Polar Bears, Antarctic Ice and The Silence of the Lambs

Tamsin Edwards is part of a team that has come out with a new paper on Antarctic ice and its probable destiny. If I understand it correctly, it attempts to forecast contributions to sea level rise from the Antarctic if our changing climate causes significant ‘instability’ in the ice sheet.

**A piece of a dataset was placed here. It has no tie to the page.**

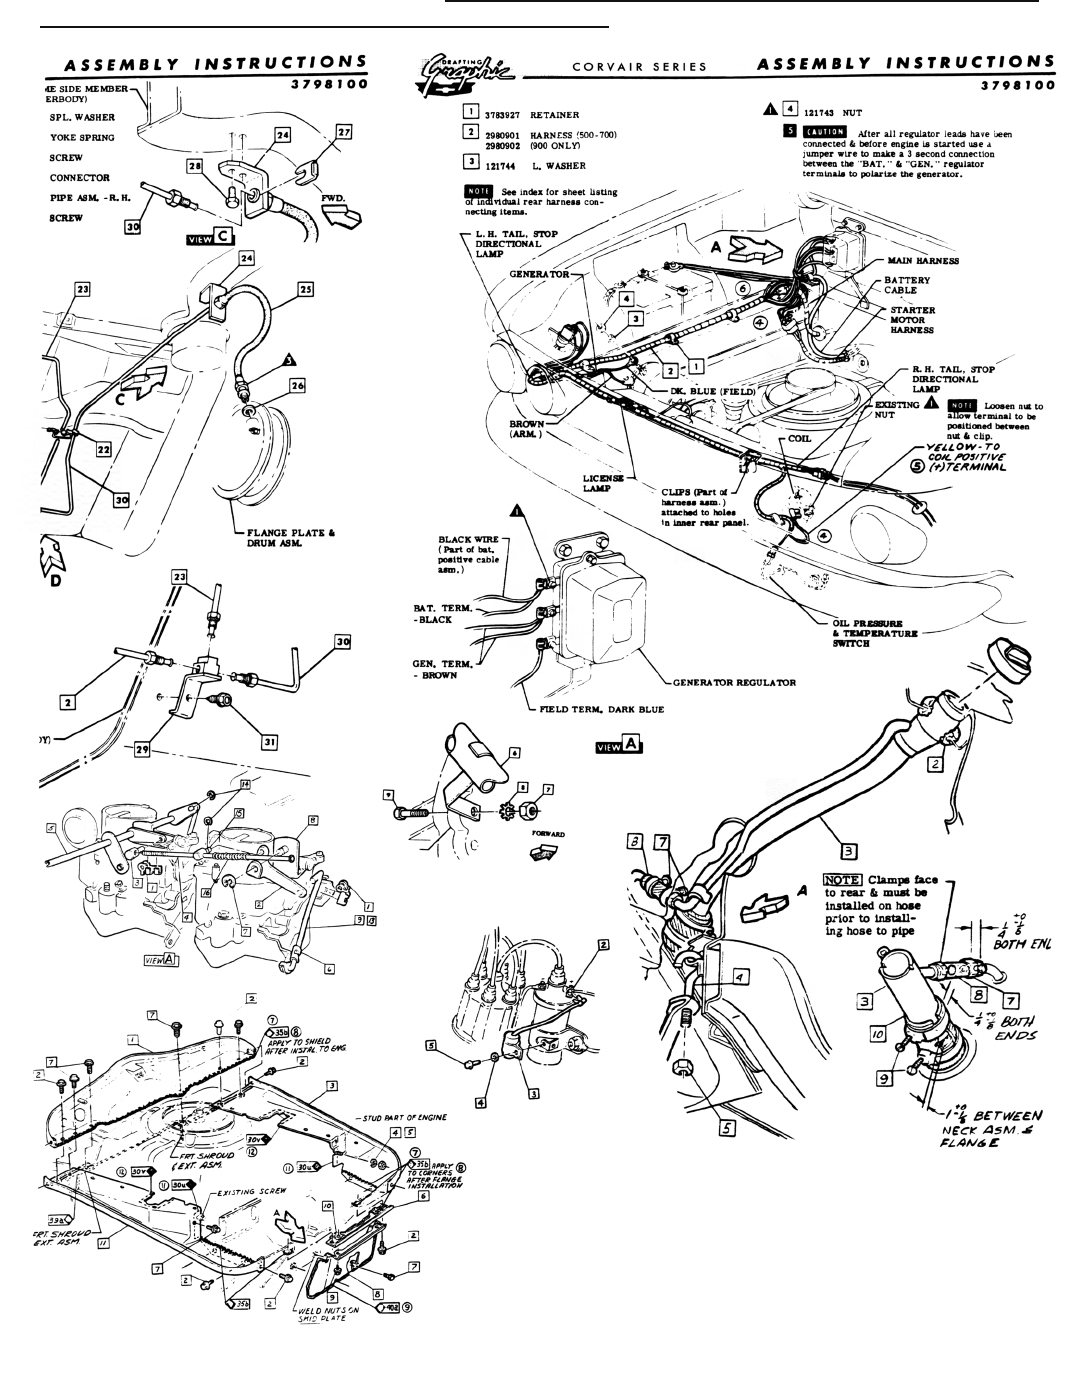 Clark's Corvair Parts, Inc. - Corvair Parts Catalog - 12,000 parts pg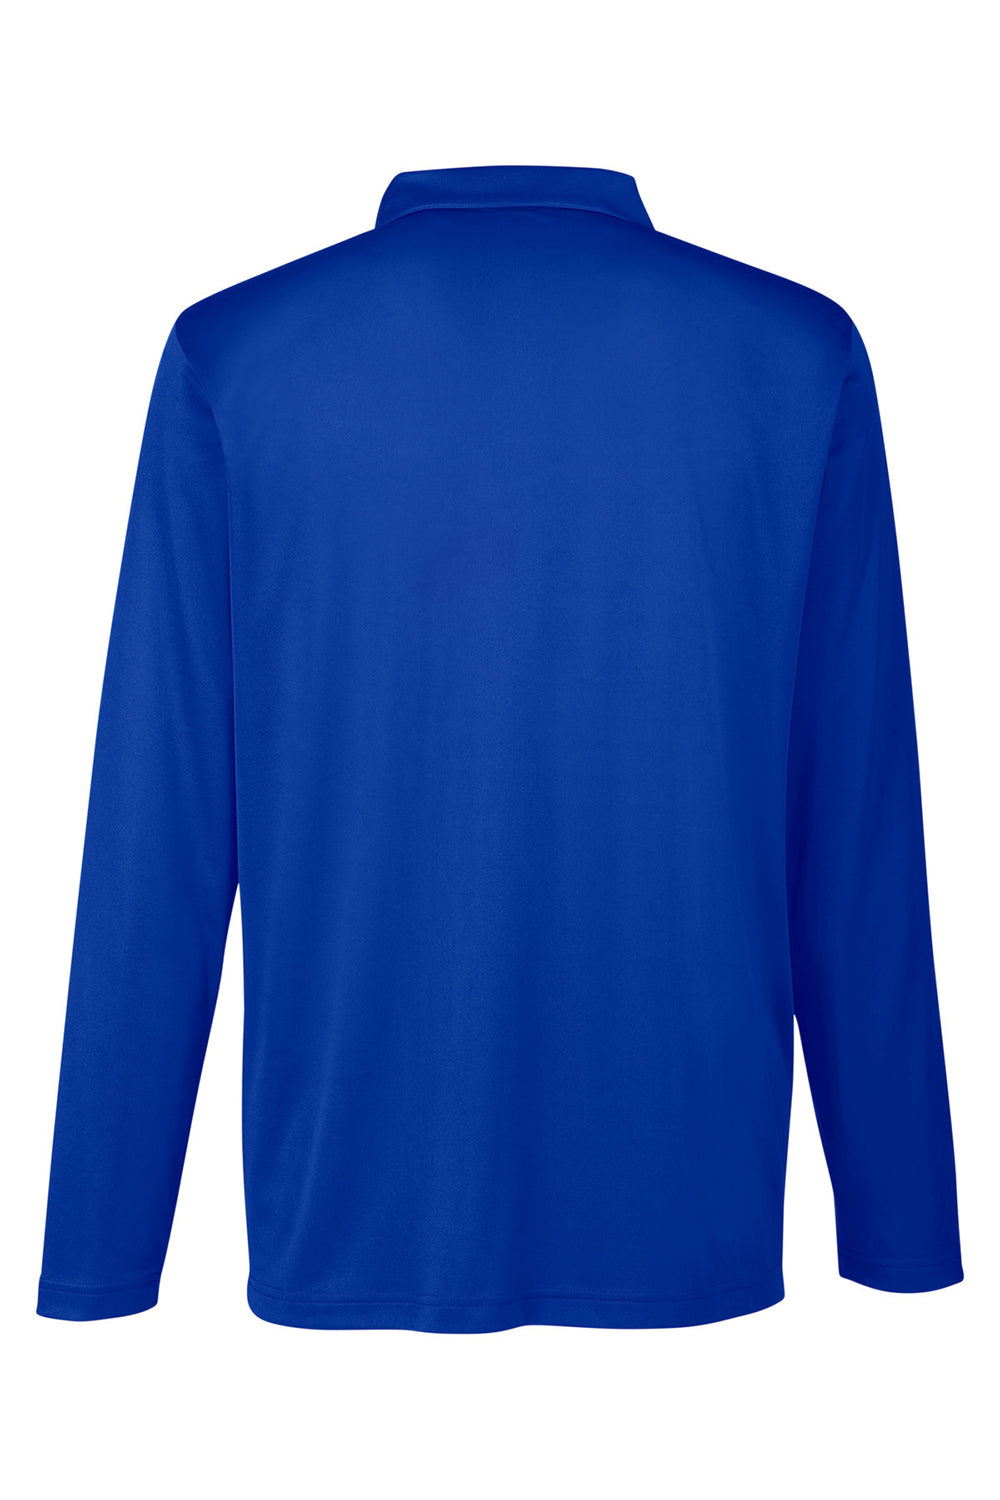 Team 365 TT51L Mens Zone Sonic Moisture Wicking Long Sleeve Polo Shirt Royal Blue Flat Back

Its conclusions include a range of possible sea level rise (from this source only): “Here we project that the Antarctic ice sheet will contribute up to 30 cm sea-level equivalent by 2100 and 72 cm by 2200 (95% quantiles) where the ASE dominates. Our process-based, statistical approach gives skewed and complex probability distributions (single mode, 10 cm, at 2100; two modes, 49 cm and 6 cm, at 2200).” Tamsin writes in the Guardian that this instability will most likely contribute about 10 cm to sea level rise by the end of this century.

Because that’s not enough to alarm anyone, the paper has so far been greeted with a resounding silence in the alarmist corner of the climate blogosphere. Only William Connolley, the Miserabilist Mustelid, has blogged on it. As major media have featured stories on it (see the BBC piece here), the alarmist blogs have ignored it.

Both extremes in the climate debate have selective vision. But the alarmist side is a bit more comical about it–it’s as if they have to have a therapy session (maybe led by Stephan Lewandowsky) before they can agree on a response. In this they are like sheep, easily led to a single point of view which they then defend with all the resources they can muster.

However, perhaps their attention is on another story–the resurgence of the population of polar bears on the other end of the planet. Bishop Hill calls our attention to the story as given by scientist Susan Crockford. The population range is now given as between 20,129 and 32,558, with a mid-point of 26,344. Last time they checked it was 25,000.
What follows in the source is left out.